* [Exercise] For this exercise, return all the data word for word, with images left out.

* [Given material]

..........

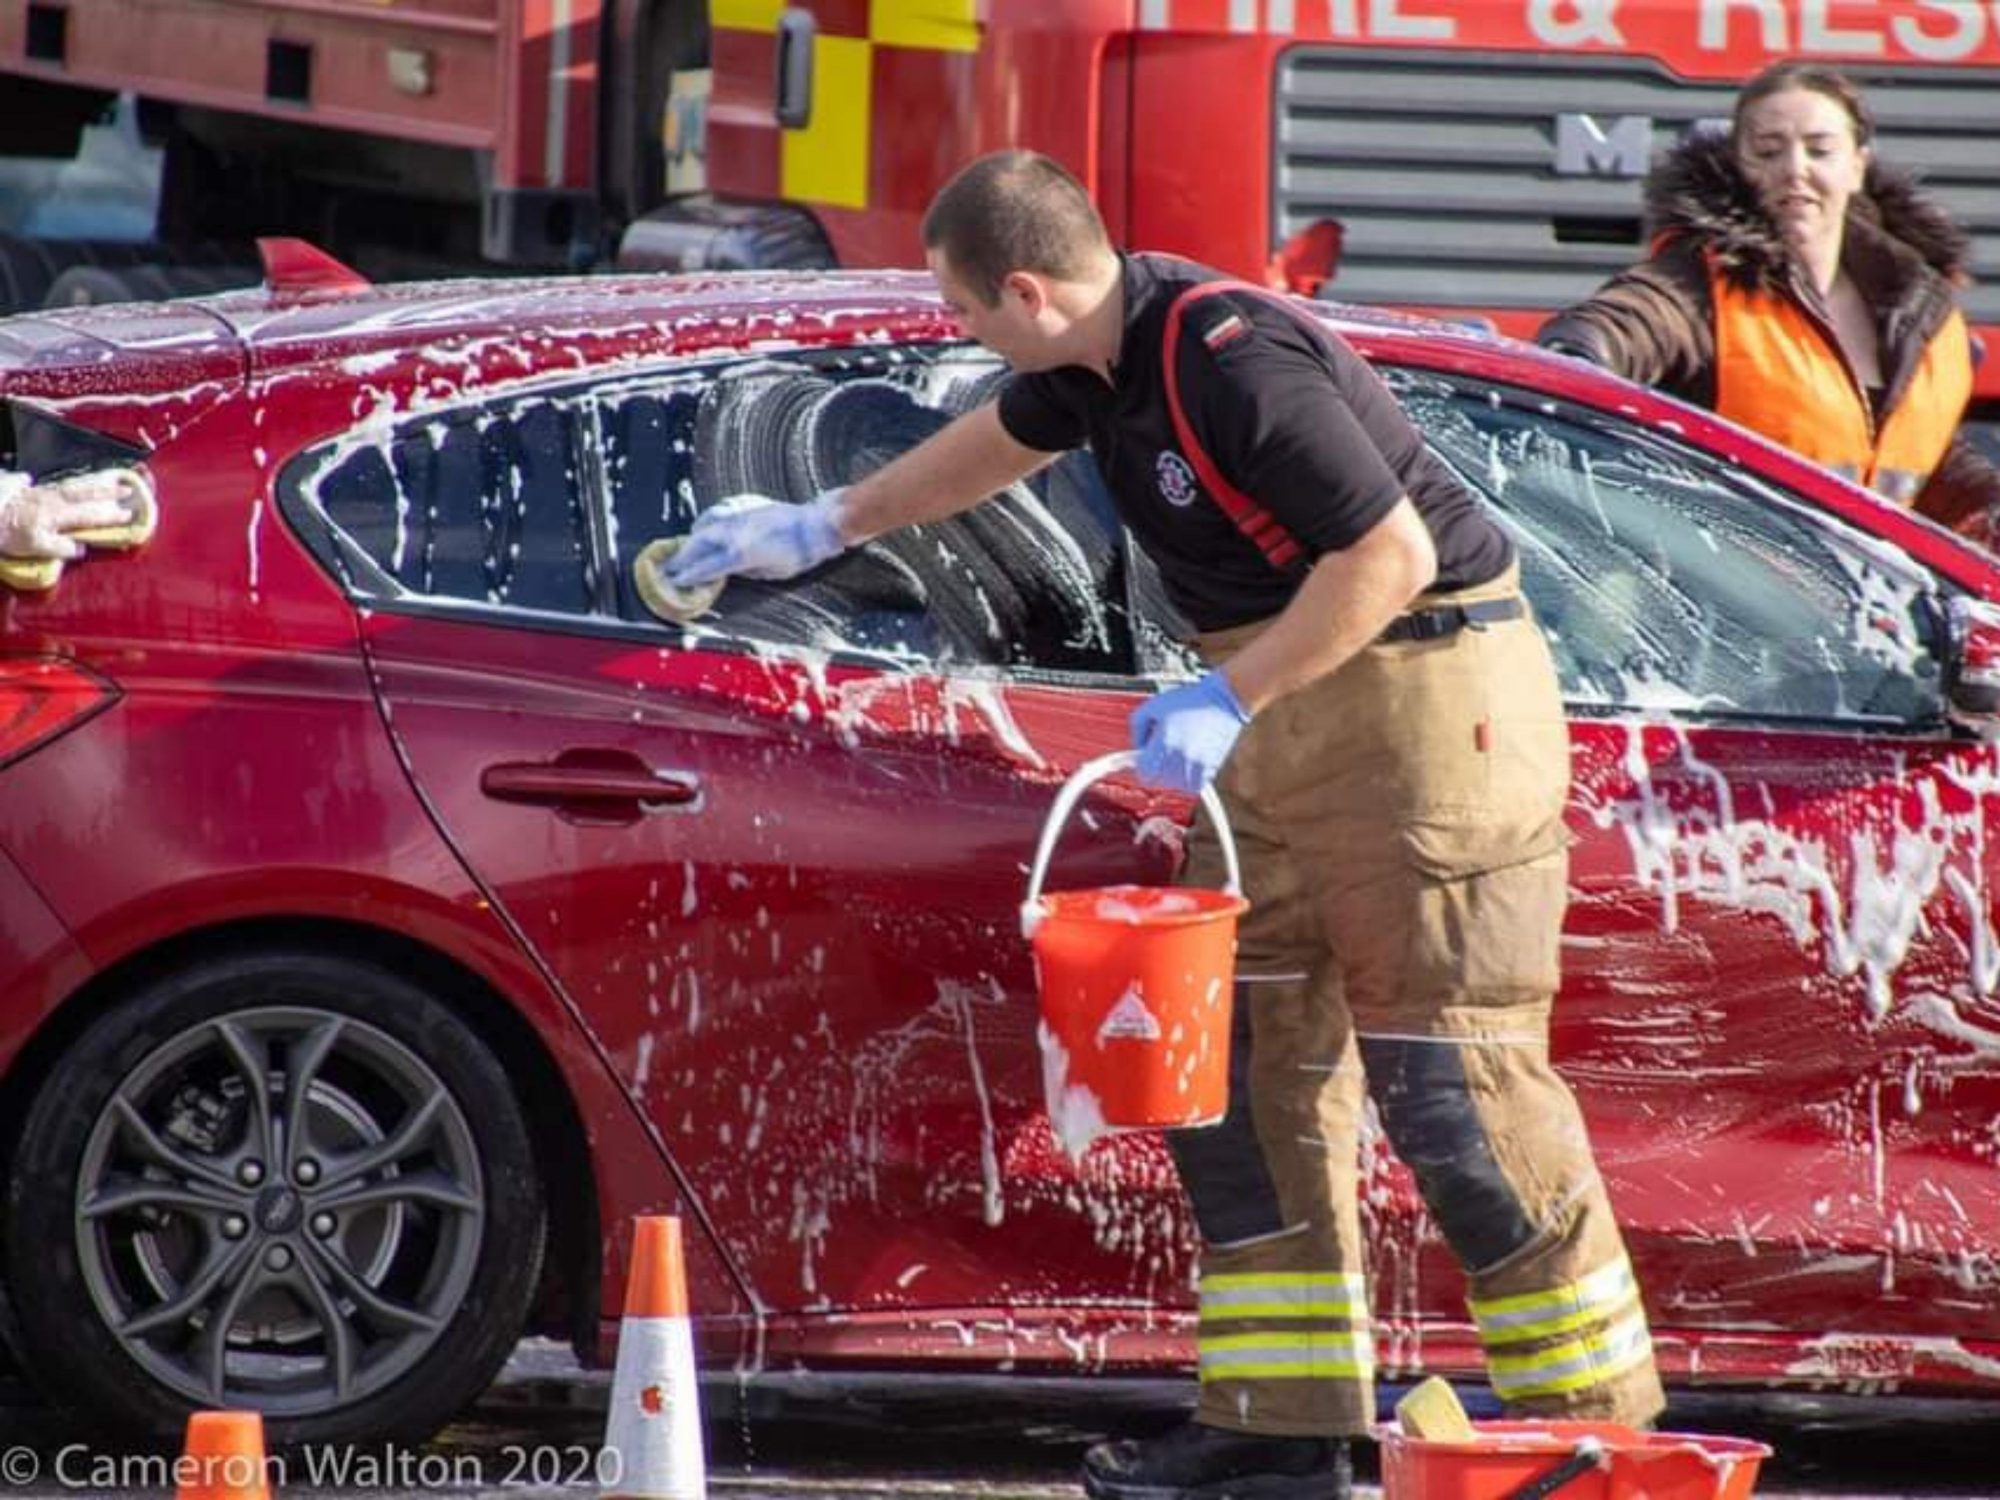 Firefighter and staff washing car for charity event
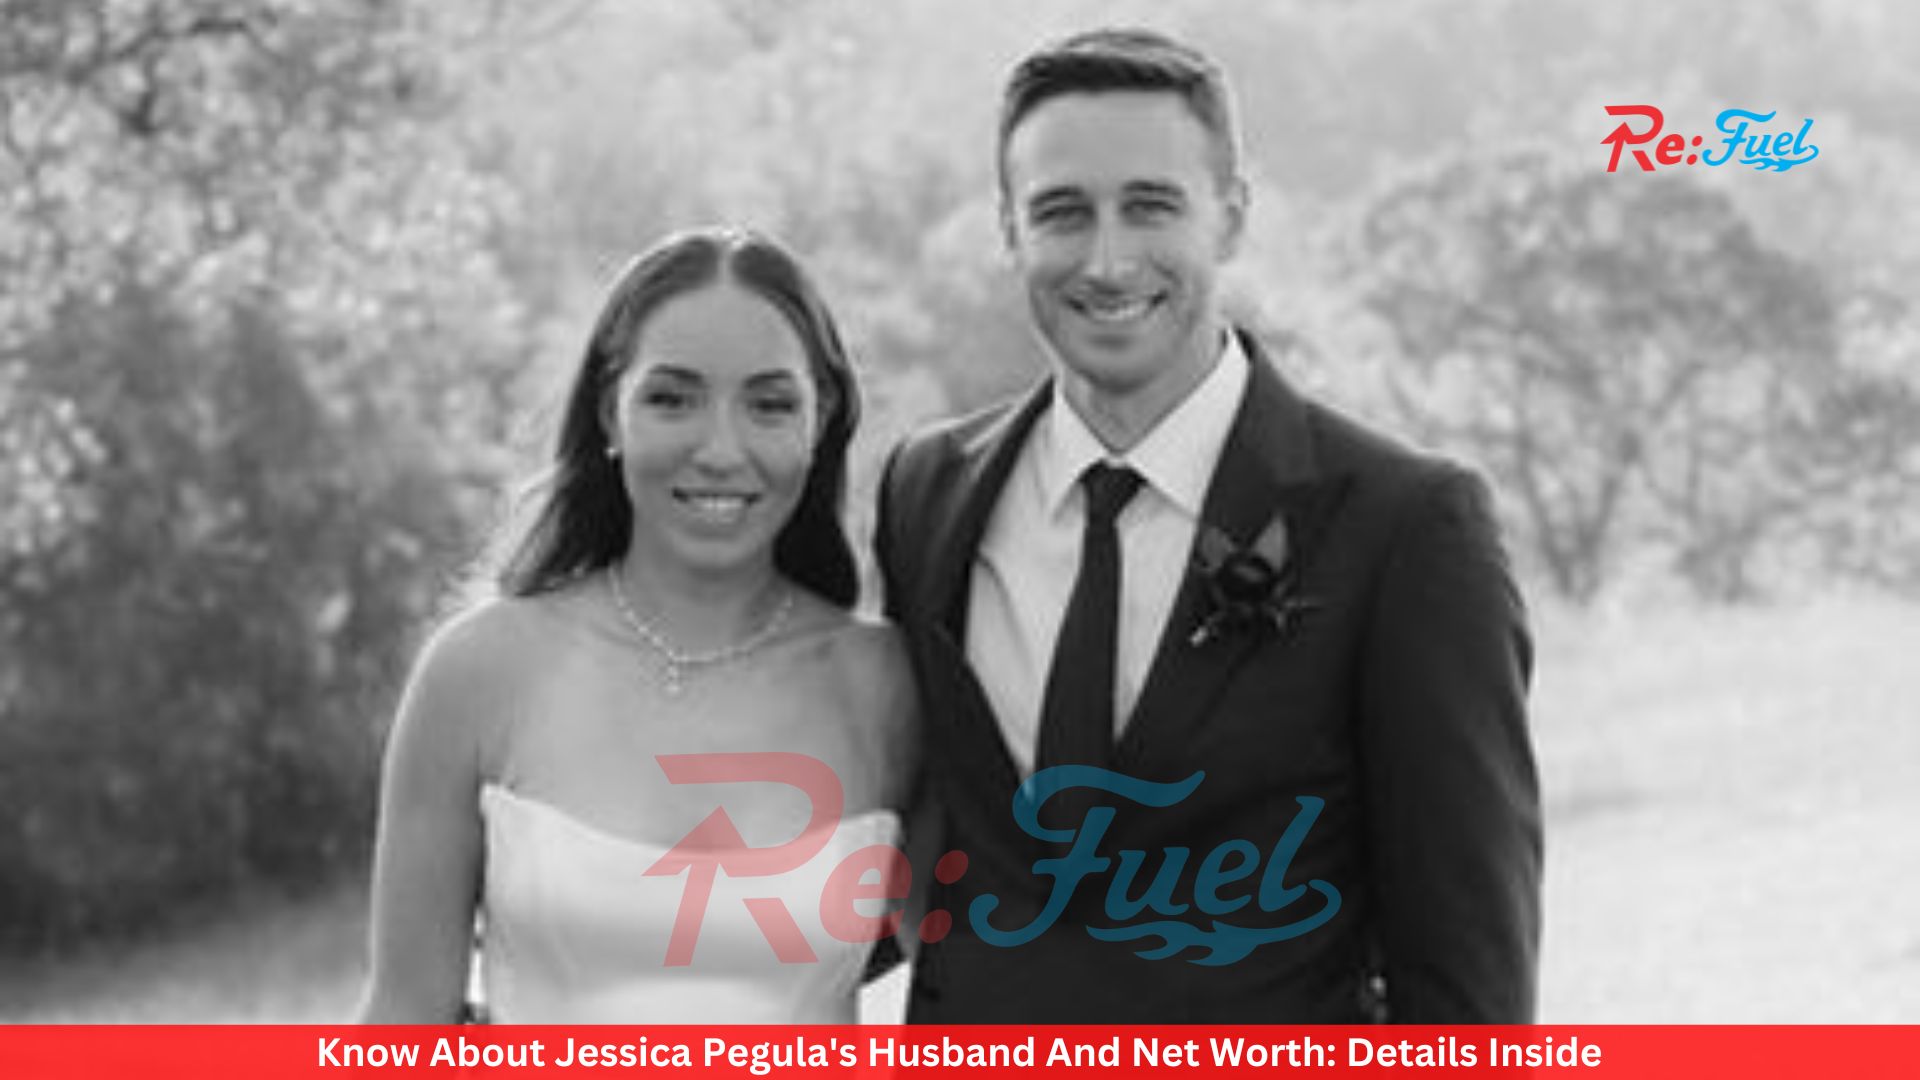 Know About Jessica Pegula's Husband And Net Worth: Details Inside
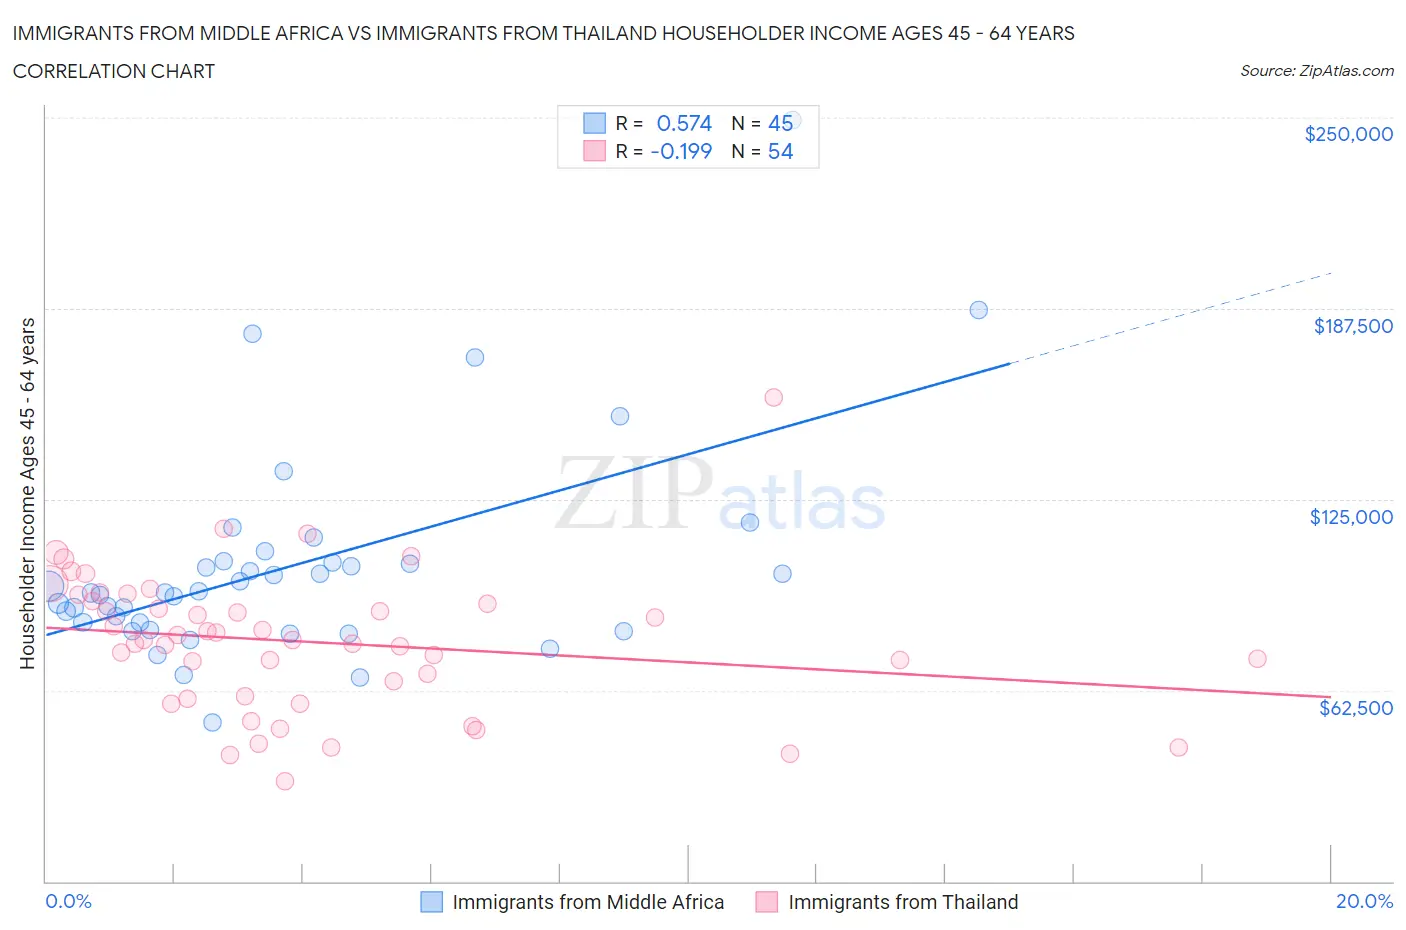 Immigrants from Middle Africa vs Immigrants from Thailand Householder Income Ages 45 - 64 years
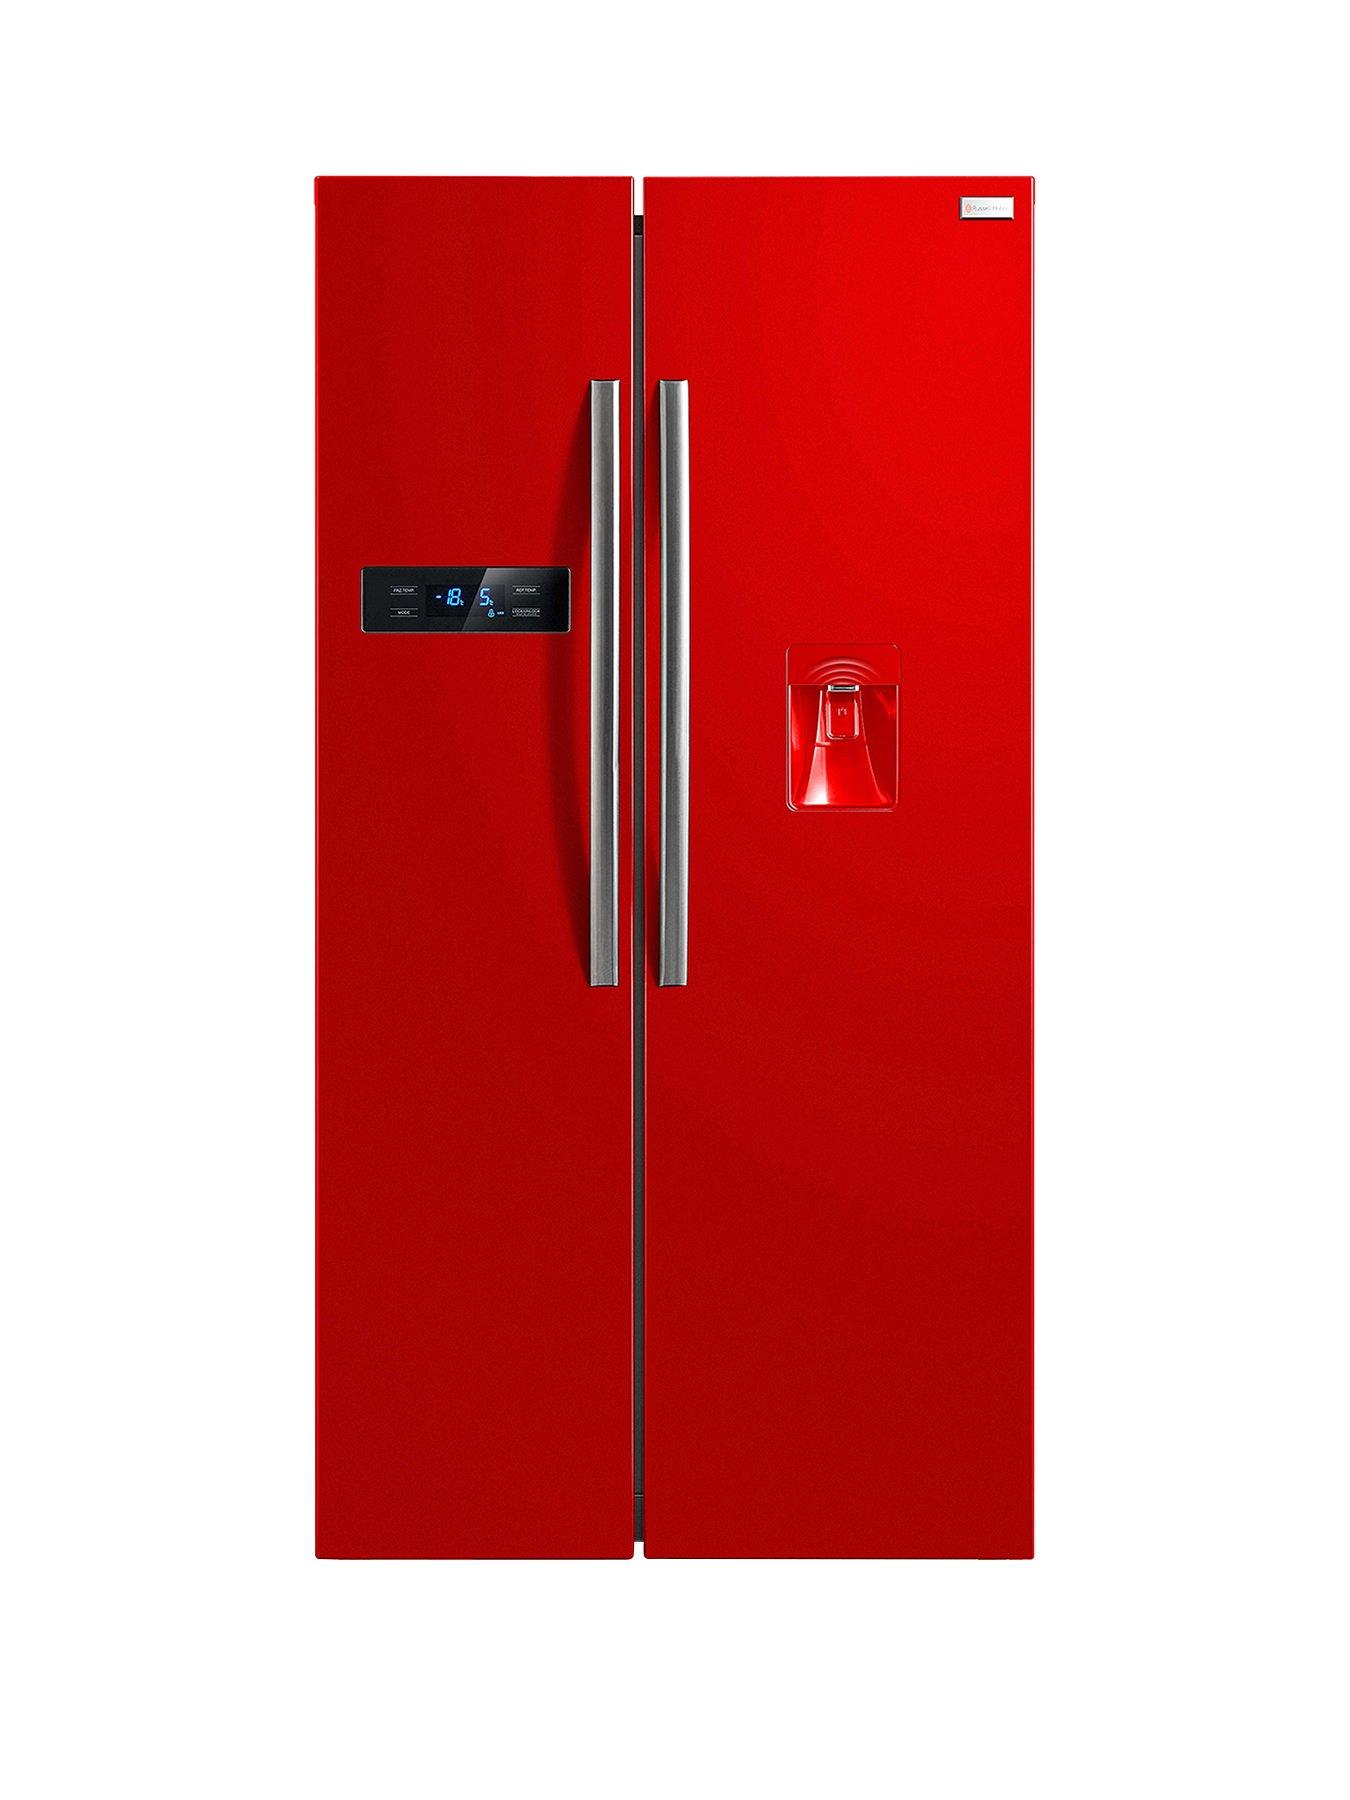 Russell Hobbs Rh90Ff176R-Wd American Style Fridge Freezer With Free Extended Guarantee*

..........

* [Answer section]
 Firefighter and staff washing car for charity event
 Know About Jessica Pegula's Husband And Net Worth: Details Inside
 Immigrants from Middle Africa vs Immigrants from Thailand Householder Income Ages 45 - 64 years
 Russell Hobbs Rh90Ff176R-Wd American Style Fridge Freezer With Free Extended Guarantee*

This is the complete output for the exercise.